Lemos conclui que determinadas mídias como expressões da cibercultura “potencializam o compartilhamento, a distribuição, a cooperação, a apropriação dos bens simbólicos, ao contrário daquelas mídias representativas das culturas de massa, nas quais todos os que as consumiam deveriam ser levados a uma concordância no consumo dos mesmos bens e na apreciação das mesmas crenças. Nas culturas contemporâneas, segundo citação de Lev Manovich que Lemos traz para a conclusão de seu texto “todo o cidadão pode construir seu próprio estilo de vida customizado, selecionando de um amplo, porém não infinito número de escolhas. A “lógica das tecnologias das novas mídias reflete esta nova lógica social”. (MANOVICH, apud LEMOS 2005, p8, tradução nossa). Lemos localiza três formas históricas de remixagem e volta às questões de hibridização homem-máquina:

No prefácio do seu livro publicado na Coréia, Manovich afirma que “remix” é a melhor metáfora para compreender as novas mídias. Ele vai apontar três

formas históricas. A primeira é a que nos referimos, como vimos, ao pós- modernismo, o “remixing de formas e conteúdos culturais prévios em uma

media ou forma cultural”. A segunda é o que chamamos de globalização,

mistura e reconfiguração de culturas nacionais em um estilo global, não necessariamente homogêneo. O terceiro tipo de re-mixagem aparece com as novas mídias. Aqui as tecnologias da cibercultura fazem o “remix entre as

interfaces de varias formas culturais e as novas técnicas de software –em resumo,a remixagem entre a cultura e os computadores”. (LEMOS 2005, p.8, tradução nossa)

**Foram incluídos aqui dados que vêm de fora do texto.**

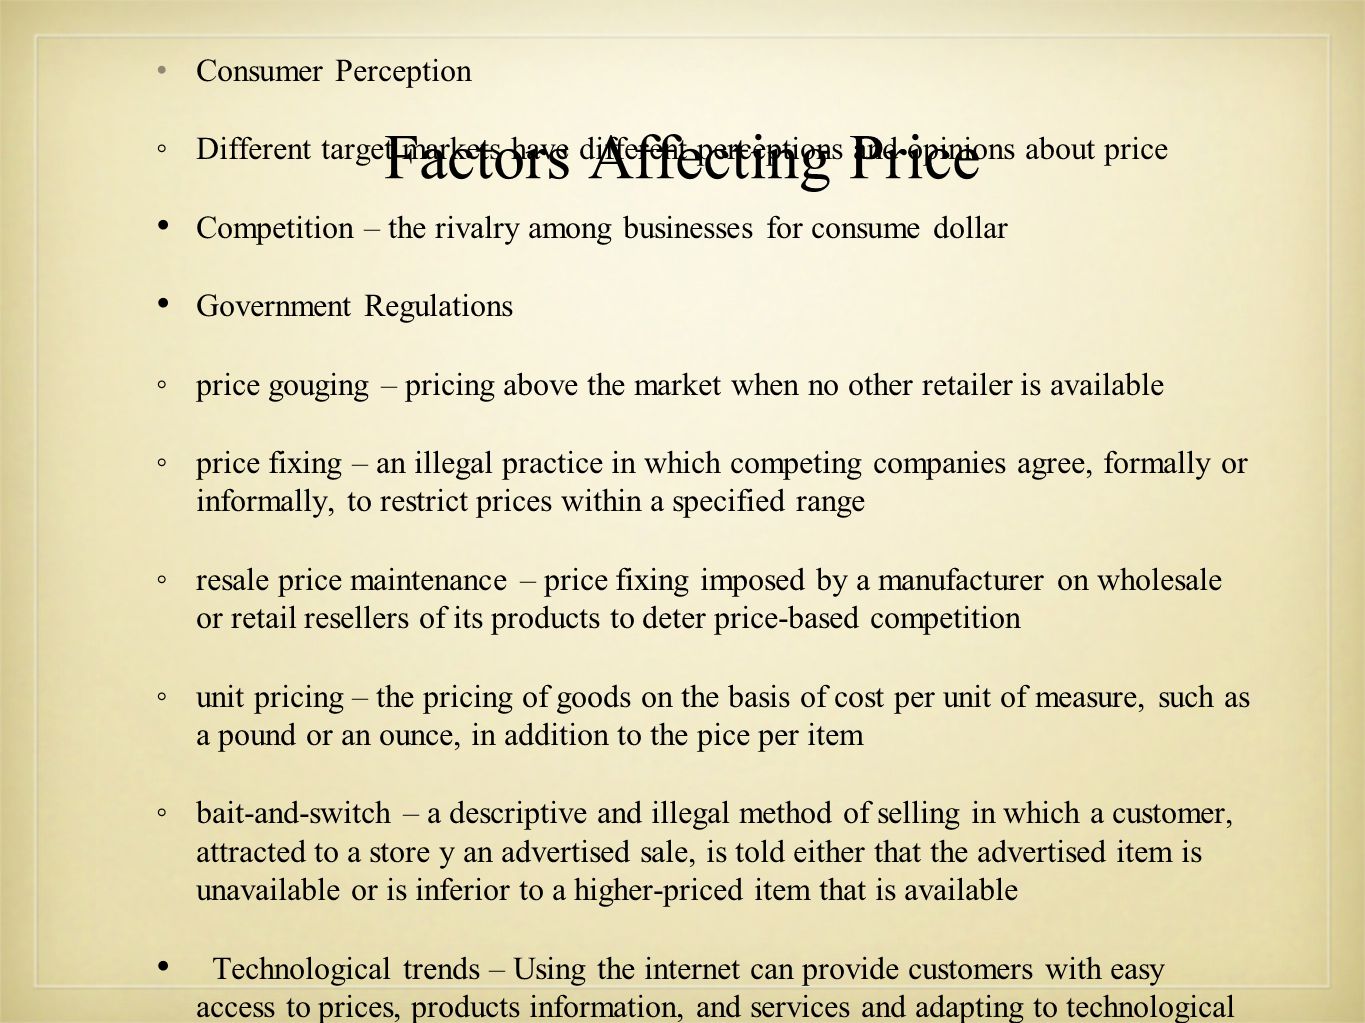 Factors Affecting Price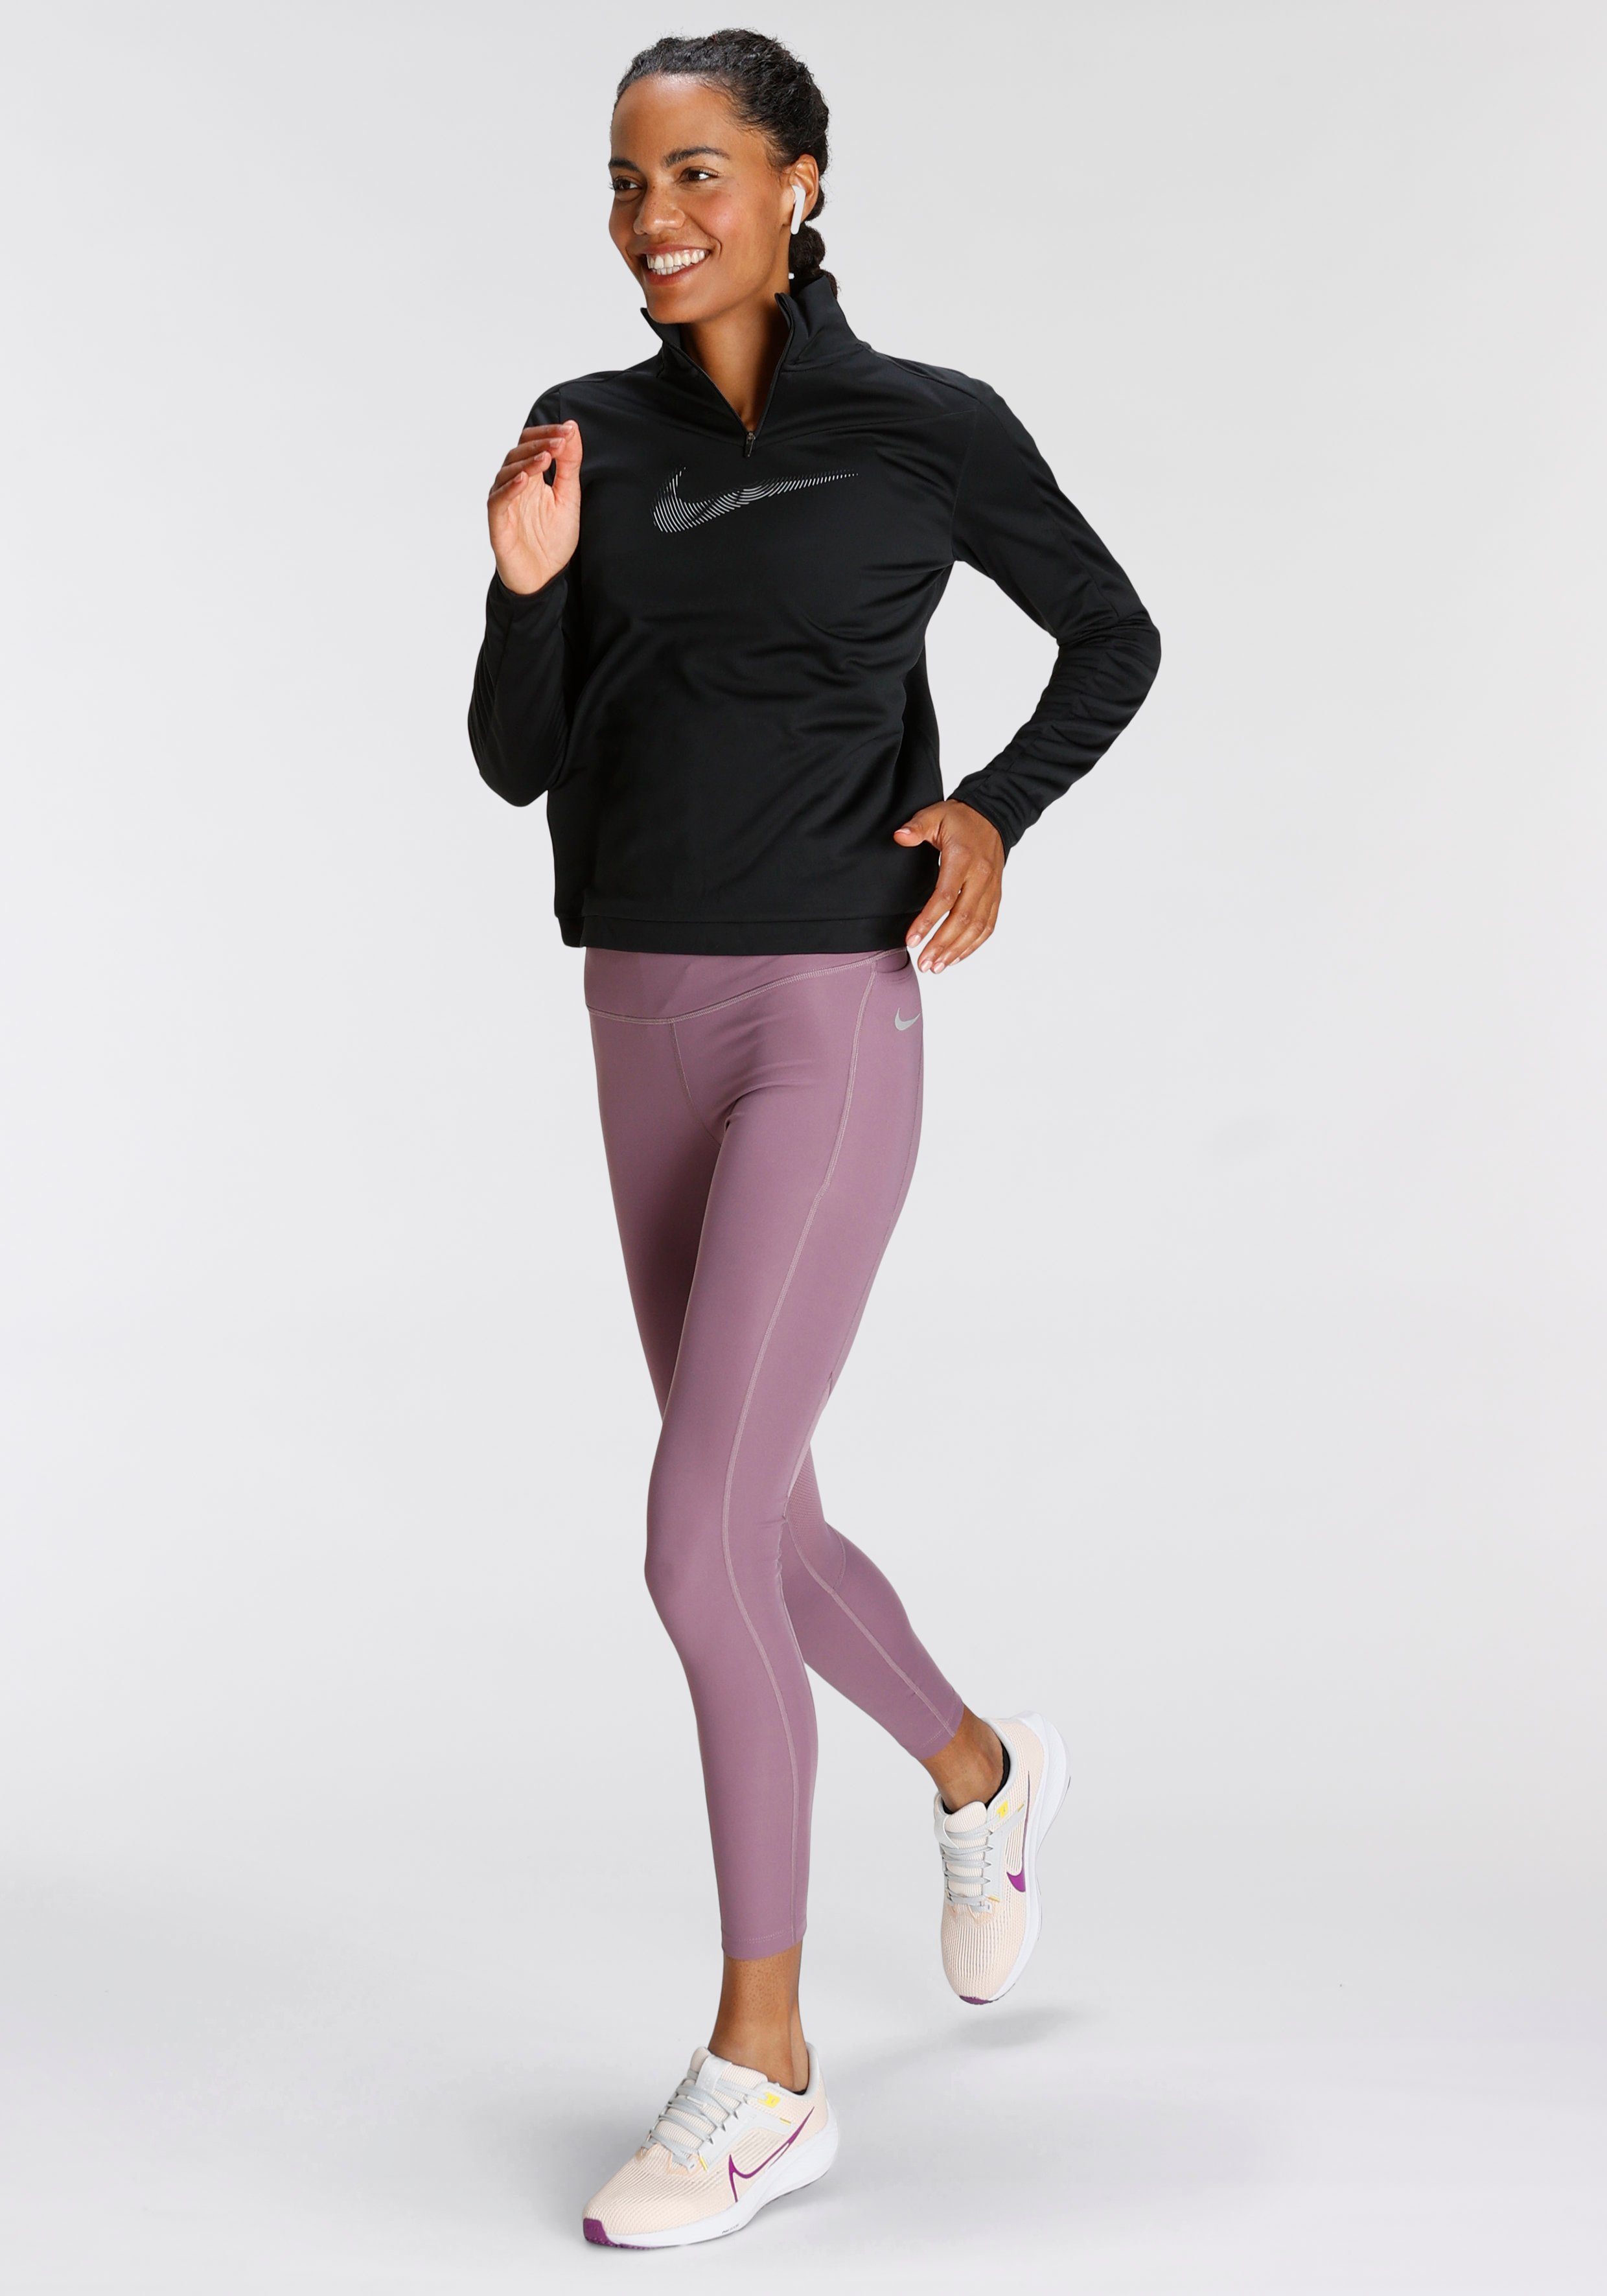 LEGGINGS Nike DUST/REFLECTIVE MID-RISE SILV WOMEN'S FAST VIOLET RUNNING EPIC POCKET Lauftights

Nesse sentido, sua abordagem ganha dimensões que vão além do estudo das poéticas de traduções intersemióticas realizado por Plaza. Tais dimensões reconfiguram a sociedade contemporânea pela construção coletiva do saber.

O texto de Lemos reclama o olhar para a participação, mas não entra em detalhes sobre os processos e metodologias de que as novas mídias se valem para tornar presente esta remixagem; nem como estes novos métodos se constituem em novas codificações de signos relacionados intersemioticamente; e semioticamente interpretáveis, distinguíveis e passíveis de aprendizagem, como métodos que são, por aqueles que desejam participar e construir coletivamente os processos sociais contemporâneos e que por alguma razão estão à margem dele.

Parece que o anteriormente discutido na recuperação das teorizações do Traduções

Intersemióticas responde justamente a este aspecto. O ‘como’ potencializar as trocas

informacionais de maneira apropriada às novas inteligências mobilizadas pelos novos meios deve impulsionar buscas de um aprofundamento nas formas de funcionamento do sistema midiático na cultura contemporânea, para multiplicá-las em conhecimento e saber compartilhado.